Assignment ->
Reproduce the listing in full. Omit the pictures.
======== Provided data ========
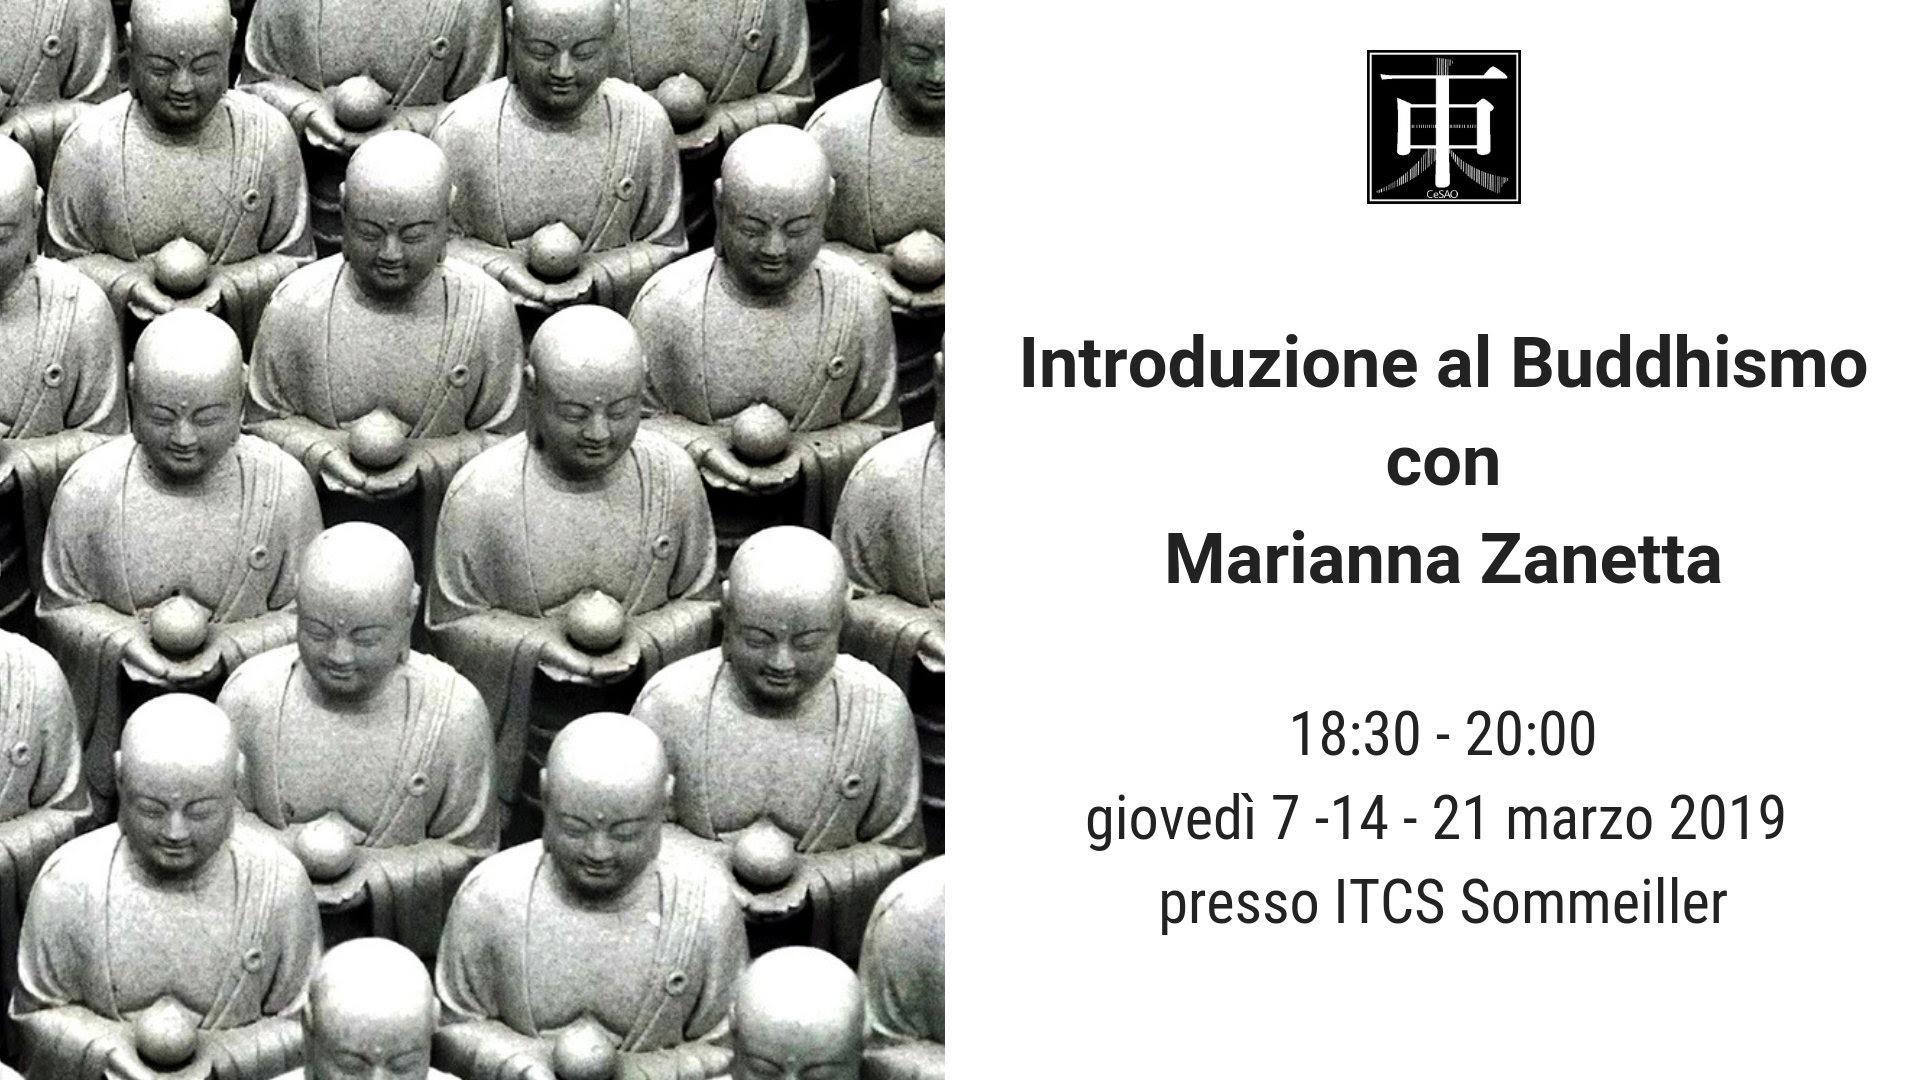 Introduzione al Buddhismo @ Torino
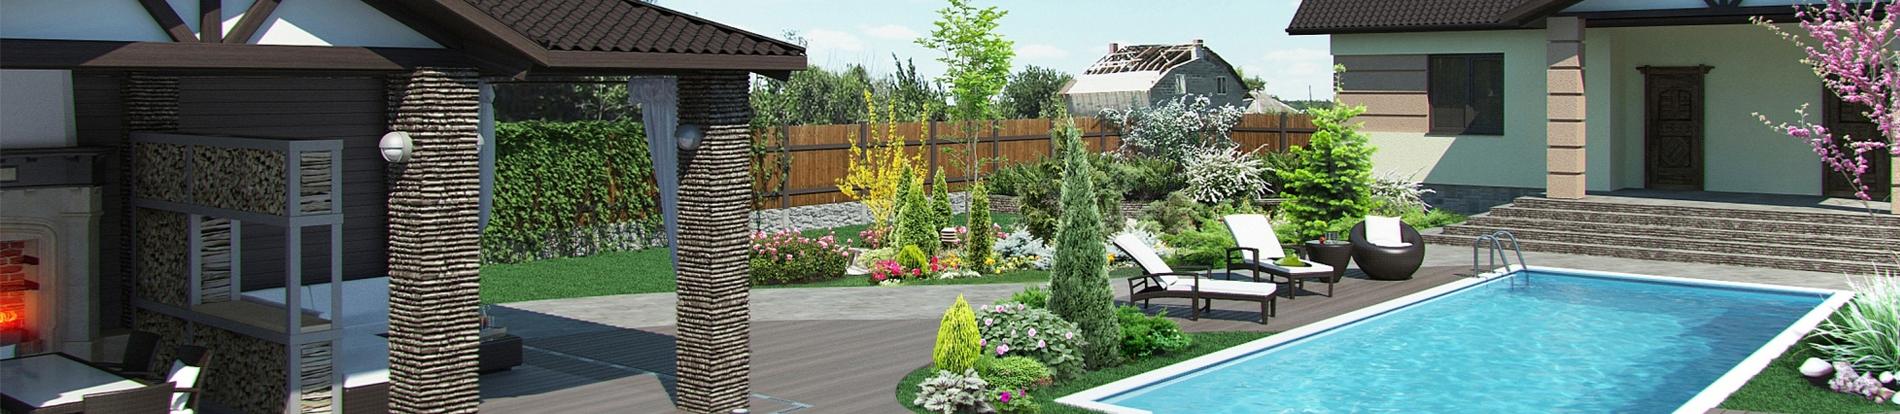 giardini idee pratiche manutenzione : Rendering di giardini - terrazzi - rotonde - VerdeBlu Giardini
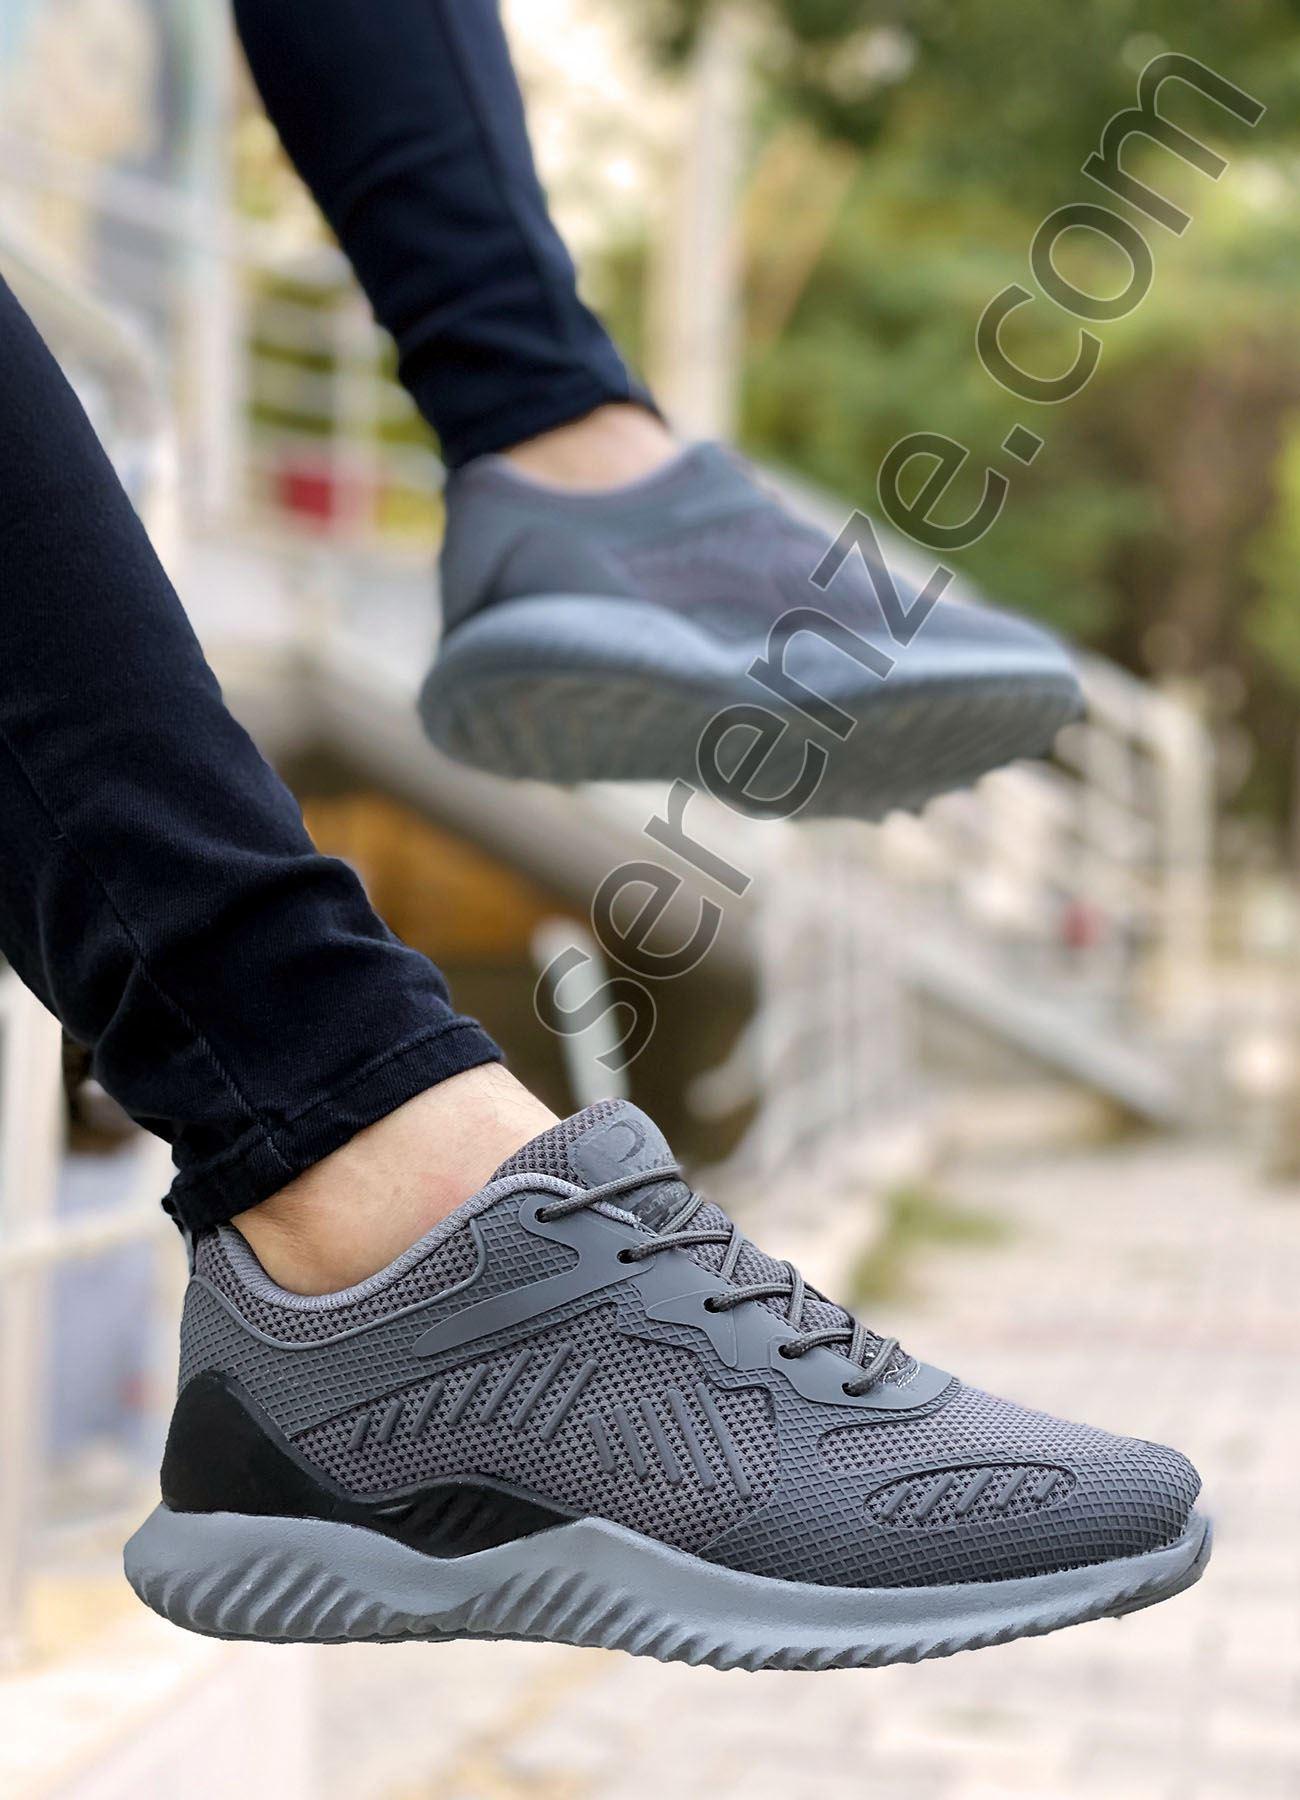 Füme Triko Rahat Erkek Spor Ayakkabı
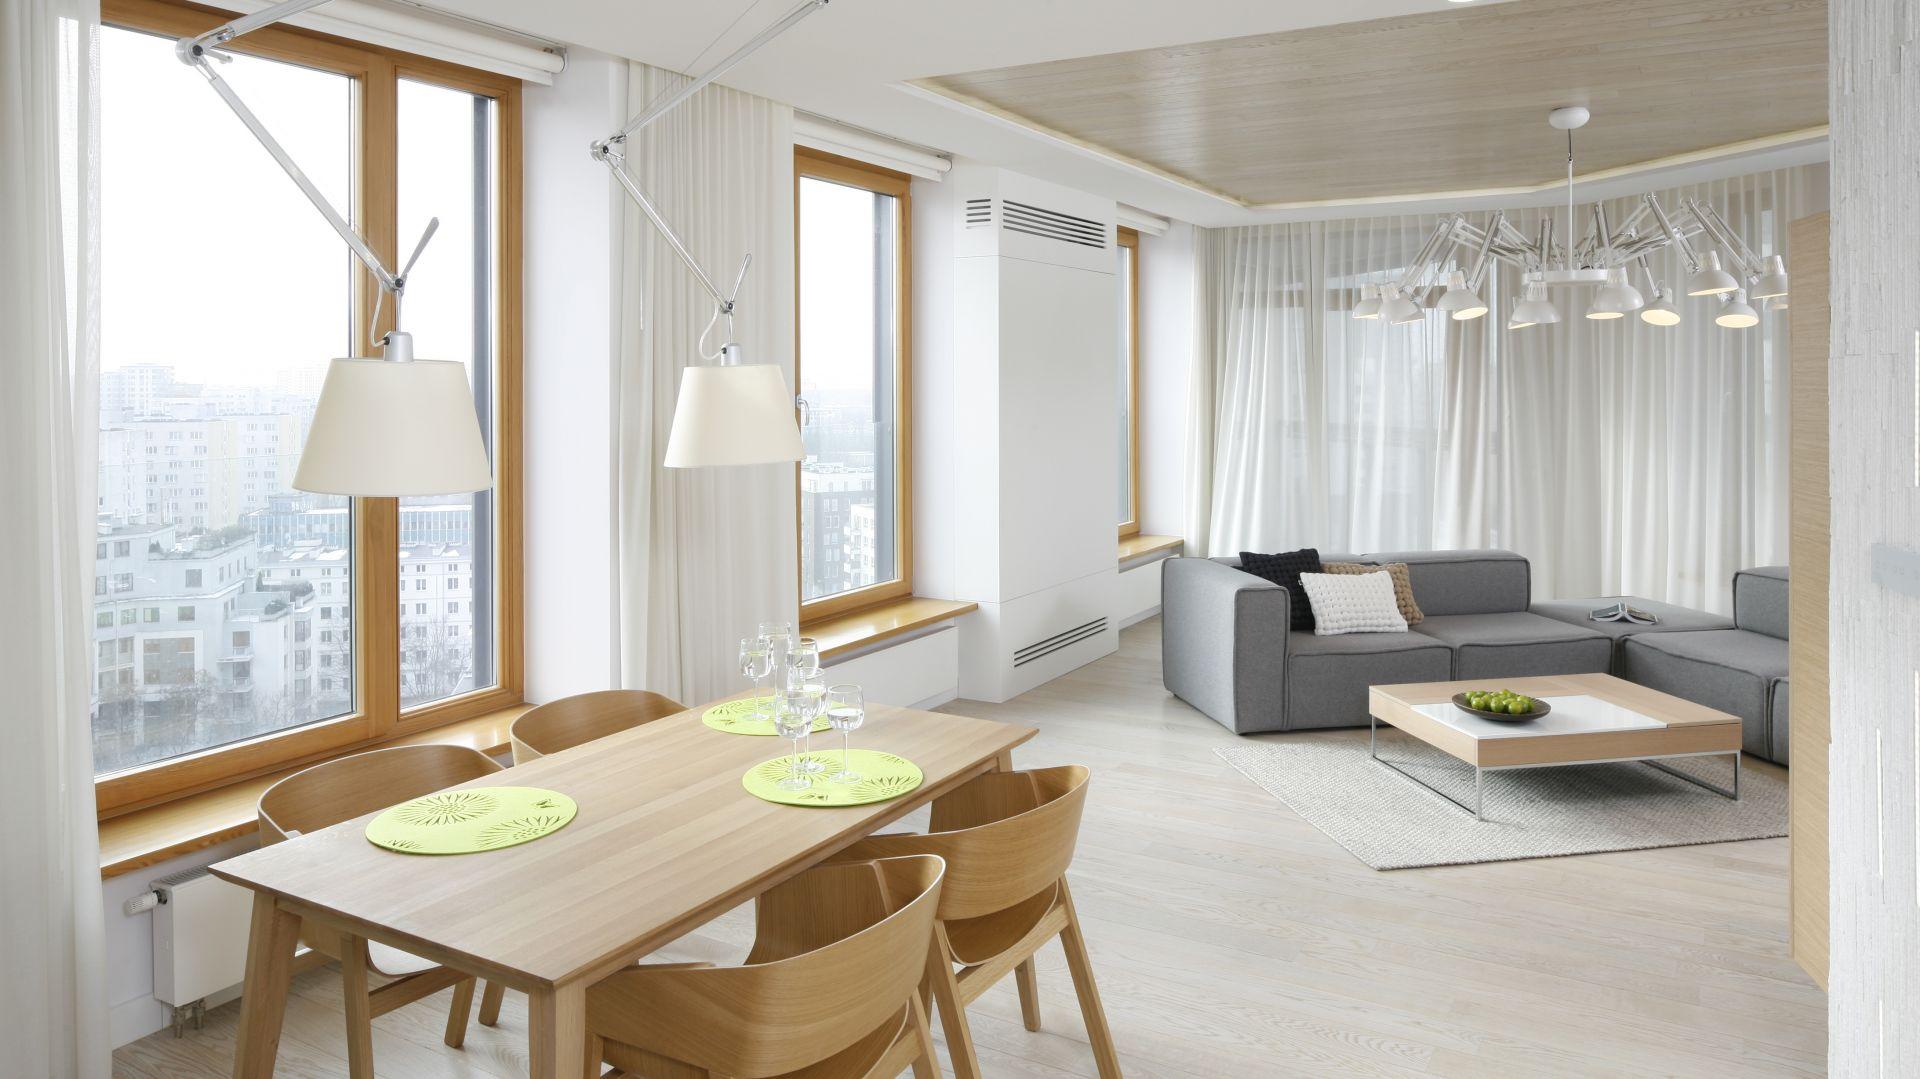 Jasny salon z jadalnią w mieszkaniu w bloku. Drewniany stół oraz krzesła pięknie ocieplają aranżację. Projekt: Maciej Brzostek. Fot. Bartosz Jarosz
========
Solution to the problem ->
 Introduzione al Buddhismo @ Torino
 giardini idee pratiche manutenzione : Rendering di giardini - terrazzi - rotonde - VerdeBlu Giardini
 Füme Triko Rahat Erkek Spor Ayakkabı
 Jasny salon z jadalnią w mieszkaniu w bloku. Drewniany stół oraz krzesła pięknie ocieplają aranżację. Projekt: Maciej Brzostek. Fot. Bartosz Jarosz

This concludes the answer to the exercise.